Has our view on the FXJ deal changed?

In short, no. Our interest in the offer has surely increased but both offers are still highly conditional. The fact that there are now two possible bidders in the picture is undoubtedly a positive development and the likelihood of at least one of these parties making a binding offer is probably fairly good, with an all-out bidding war for the company not completely out of the question.

However, the highly uncertain nature of both offers at this stage makes it hard for us to justify taking a position. The terms of any offer may yet change and that’s assuming that there is a formal offer made at all.  Also, anyone who witnessed Fairfax CEO Greg Hywood’s appearance before the Senate Committee yesterday must surely question exactly how easy it will be for either bidder to obtain regulatory approval for a bid, at least without material concessions (more on that below).

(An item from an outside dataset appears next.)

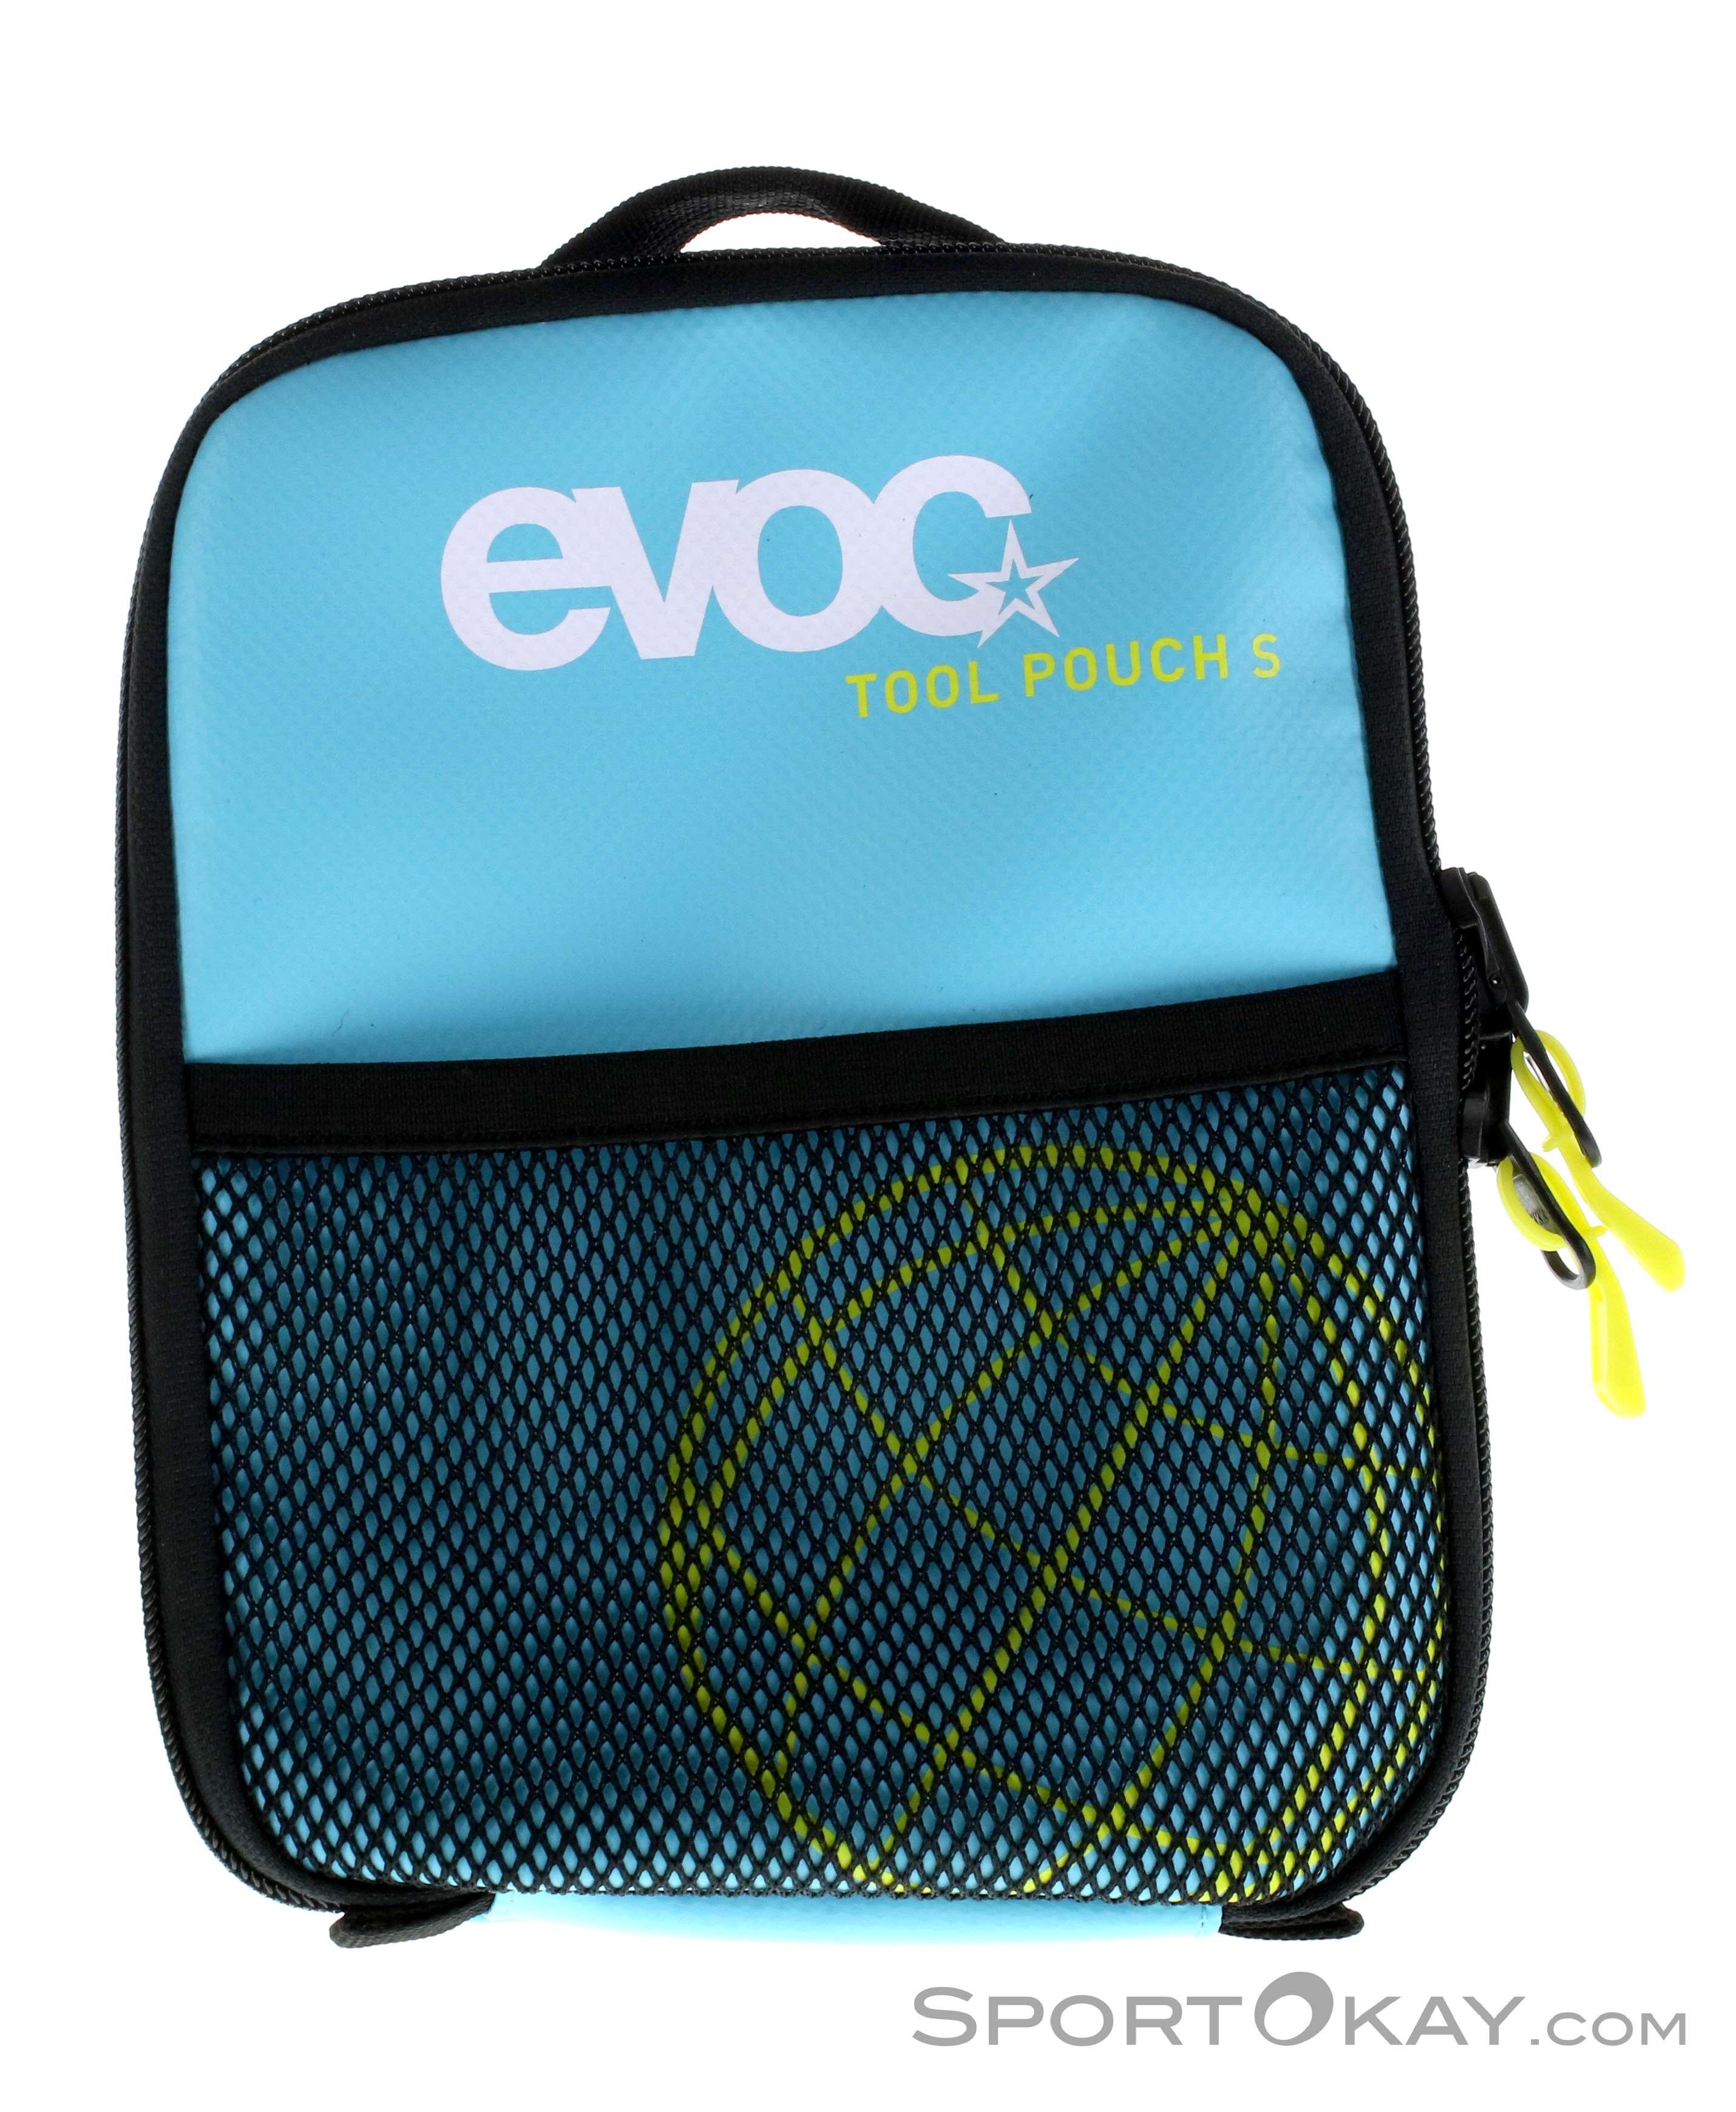 Evoc Tool Pouch Bikezubehör Tasche, Evoc, Blau, , Unisex, 0152-10159, 5637535632, 4250450713227, N1-01.jpg
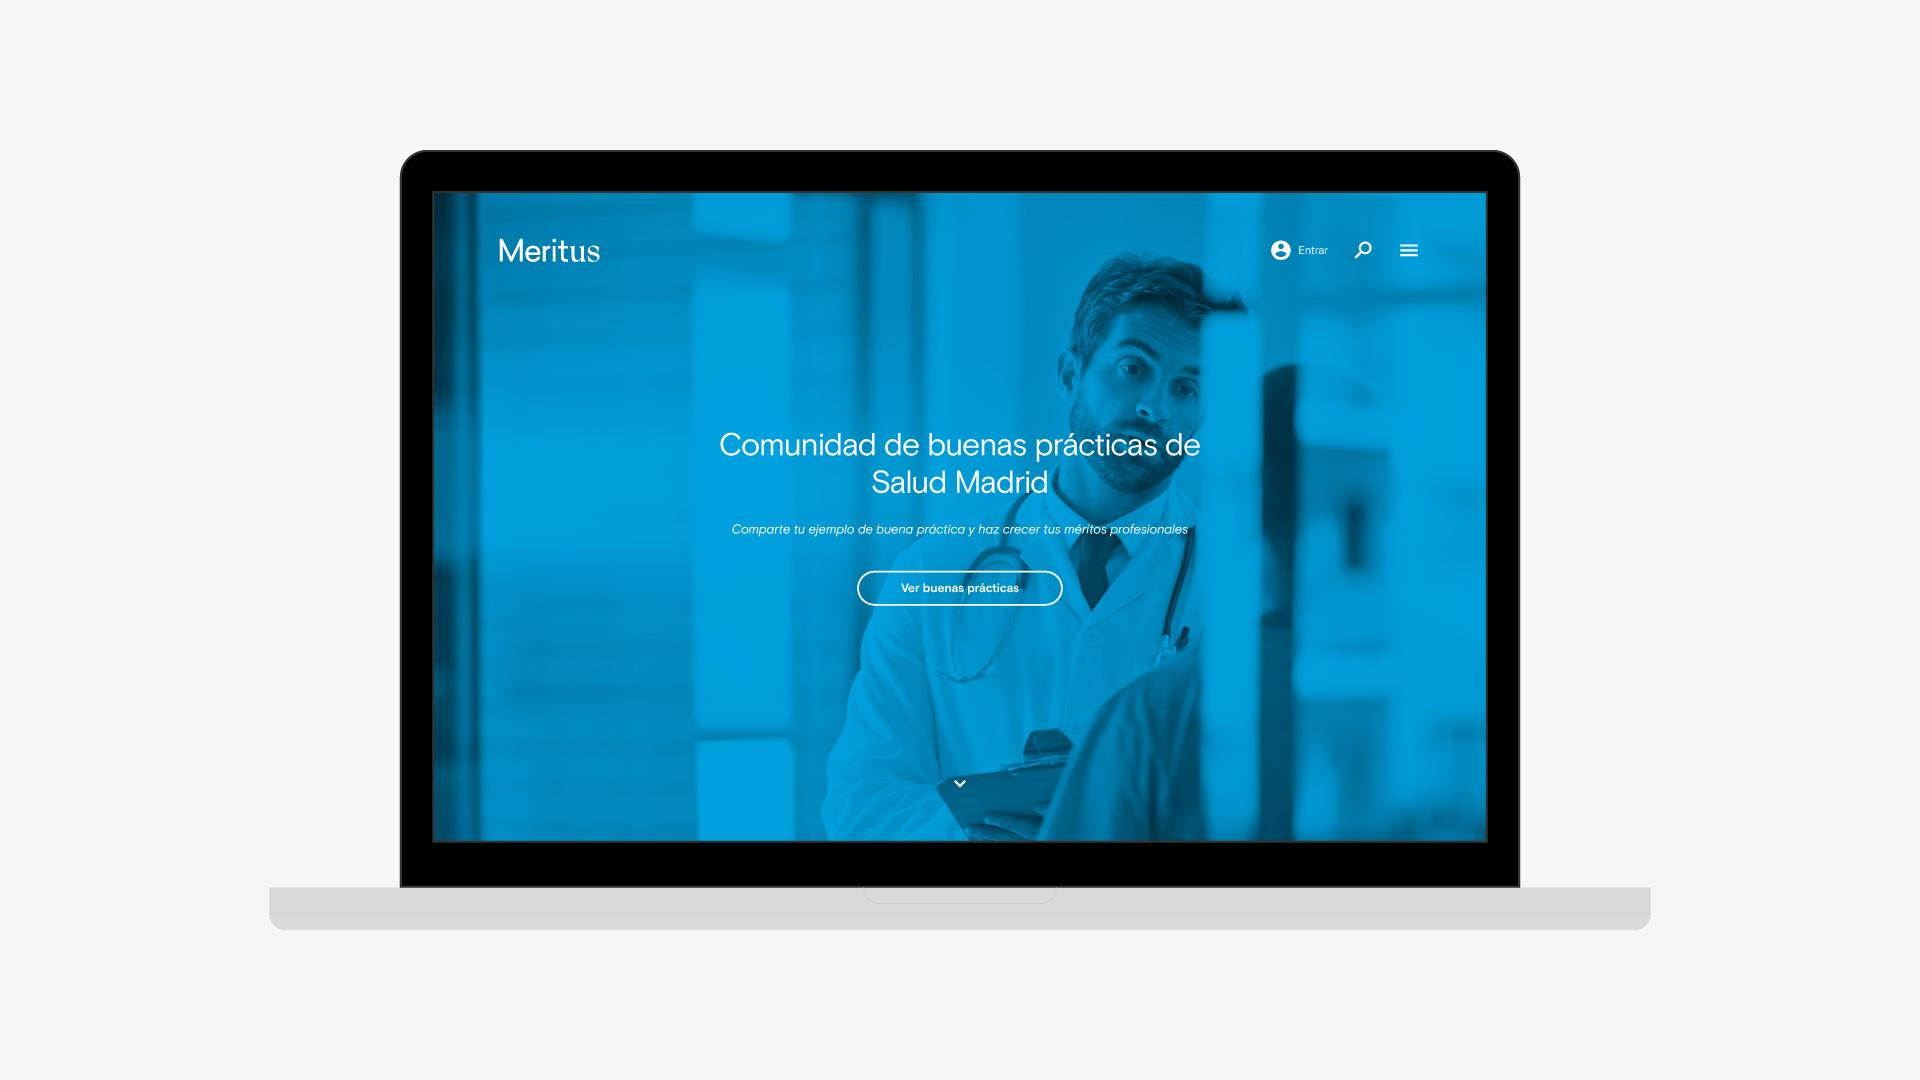 MeritUs marca web buenas prácticas

In our previous article, we listed some of the criteria that our experience has shown increases the likelihood of a successful investment outcome when taking positions in stocks that are the subject of a bid. At this stage, neither offer meets enough of our criteria to justify a position (not even one that risks less of our capital than would otherwise be the case).

Regulatory concerns a current hurdle

In an already uncertain environment with regard to foreign investment in Australia (the Ausgrid sale process being the most recent example) the current senate enquiry into the ‘future of jouranlism’ doesn’t help the situation. A condition of both current offers is the approval of the Australian Foreign Investment Board (FIRB). If the acquisition is deemed ‘not in the public interest’ then it may not proceed. We’ve seen it before with both other high profile Australian companies such as Woodside and Graincorp and we could very well see it again with Fairfax. Either way, this possibility should be a consideration for anyone looking to take a position in the stock. In our experience, situations requiring regulatory approval don’t always work out as one might reasonably expect.

The bottom line

In our opinion, neither deal currently has a high enough probability of success to currently justify a purchase of FXJ. Of course, this could change and we will continue to follow the progress of both bids. At this stage however, we will remain on the sidelines until further details (and hopefully a firm bid) are announced.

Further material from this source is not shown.